───── THE DATA

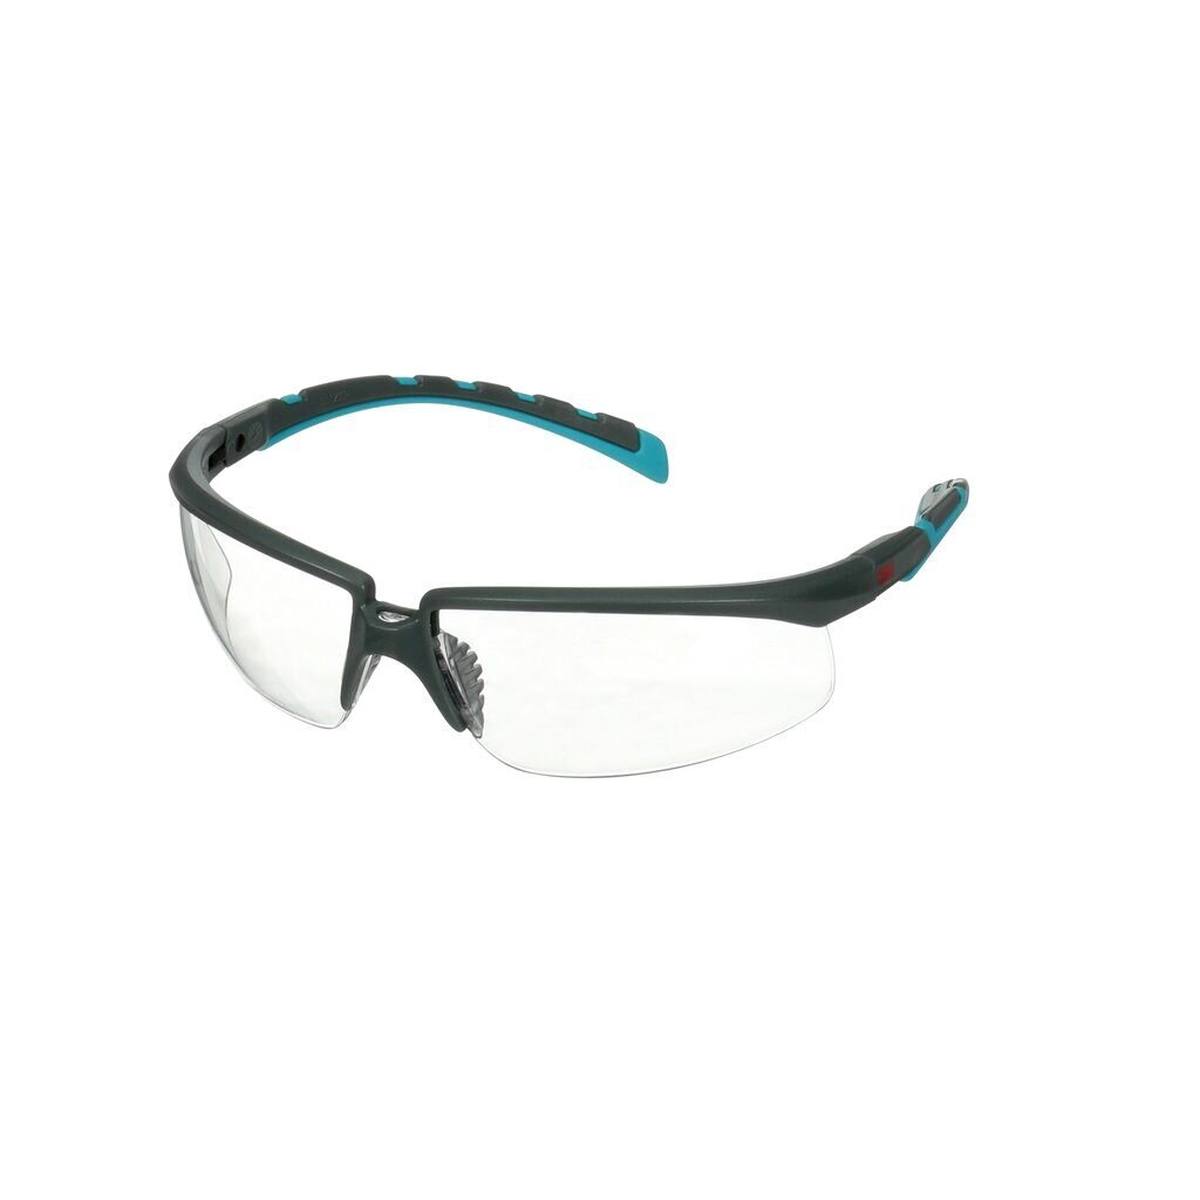 3M Solus 2000 veiligheidsbril, blauw/grijze veren, anticondens/krasbestendig, helder glas, in hoek verstelbaar, S2001AF-BLU-E
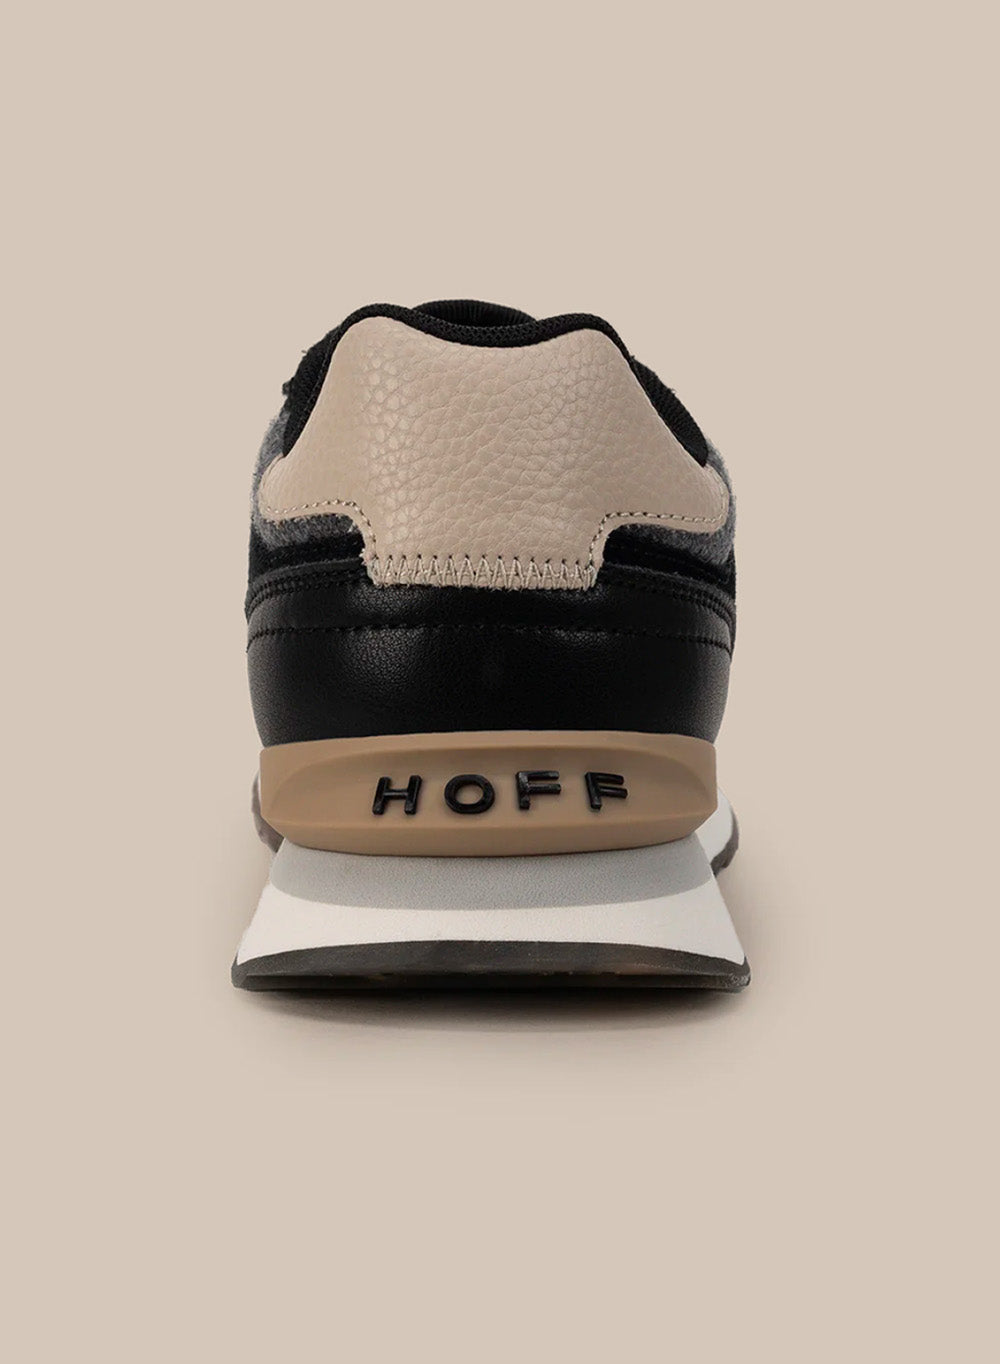 Sneakers de hombre Texas by HOFF
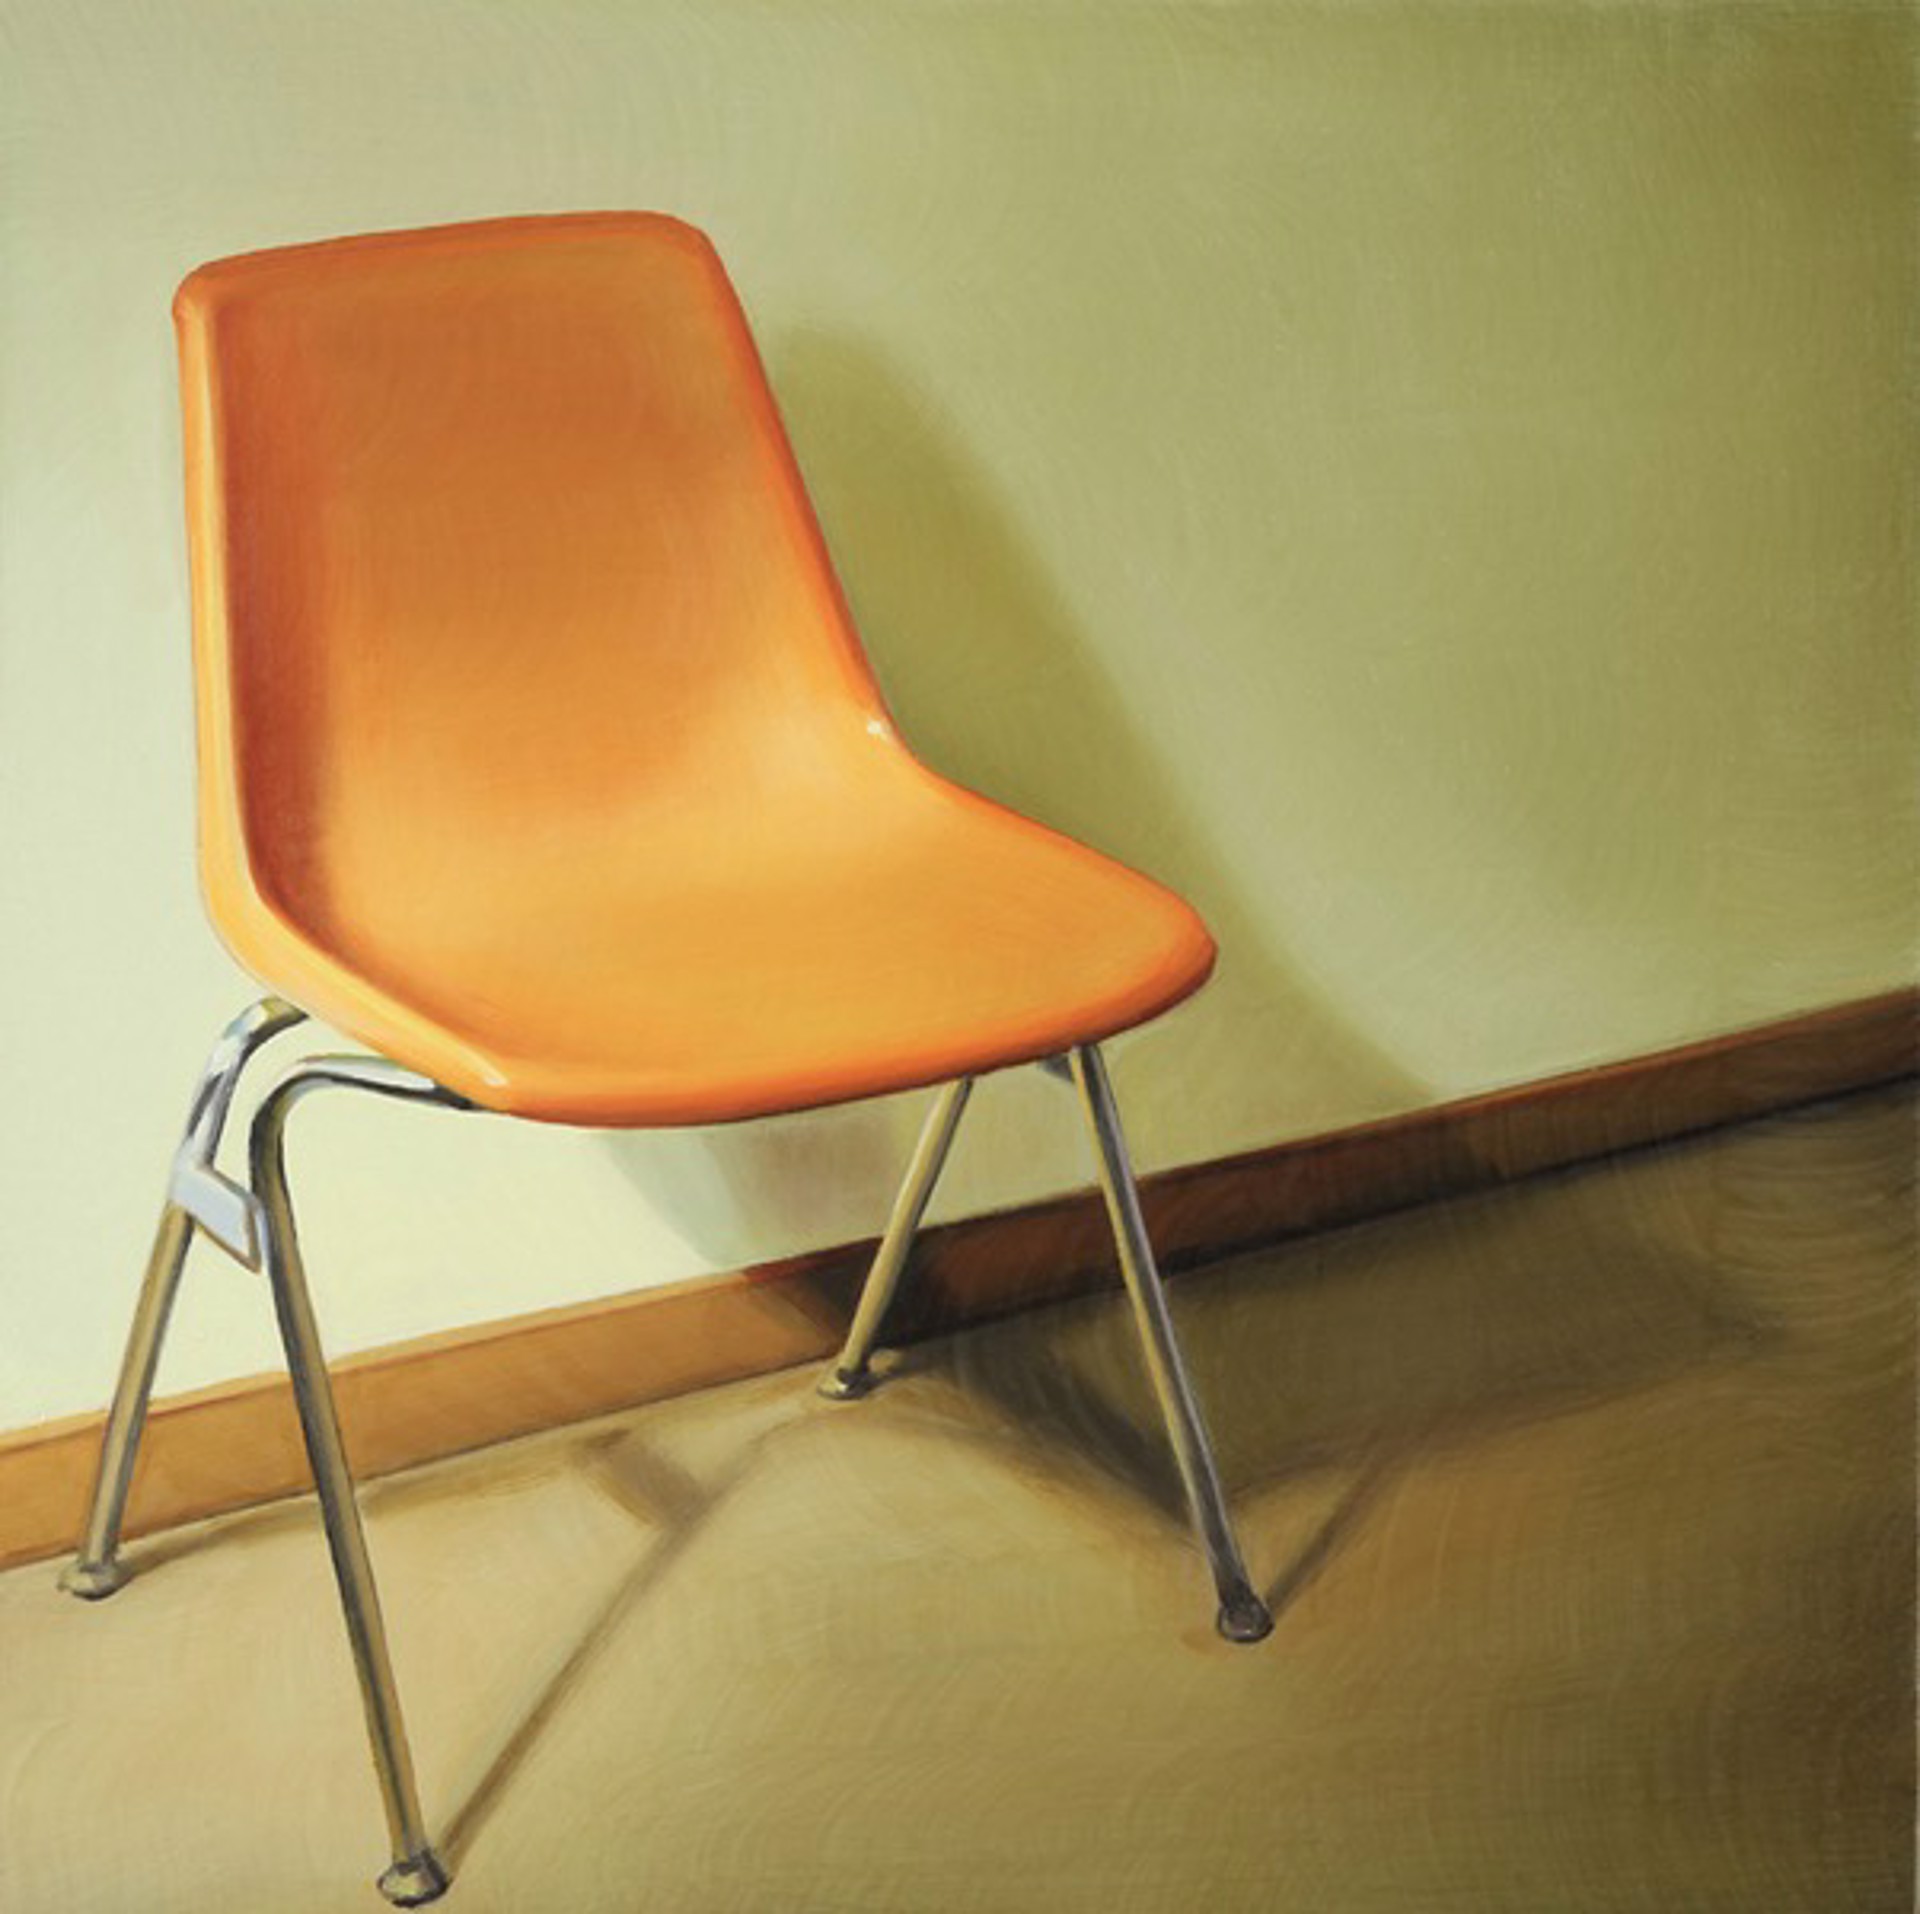 Japantown Chair #1 by Ada Sadler

──────────

▸ WHAT IS REQUIRED:
All of the listing above has to be reproduced exactly, though without its images.

▸ ANSWER BELOW:
 3M Solus 2000 veiligheidsbril, blauw/grijze veren, anticondens/krasbestendig, helder glas, in hoek verstelbaar, S2001AF-BLU-E
 Sneakers de hombre Texas by HOFF
 Japantown Chair #1 by Ada Sadler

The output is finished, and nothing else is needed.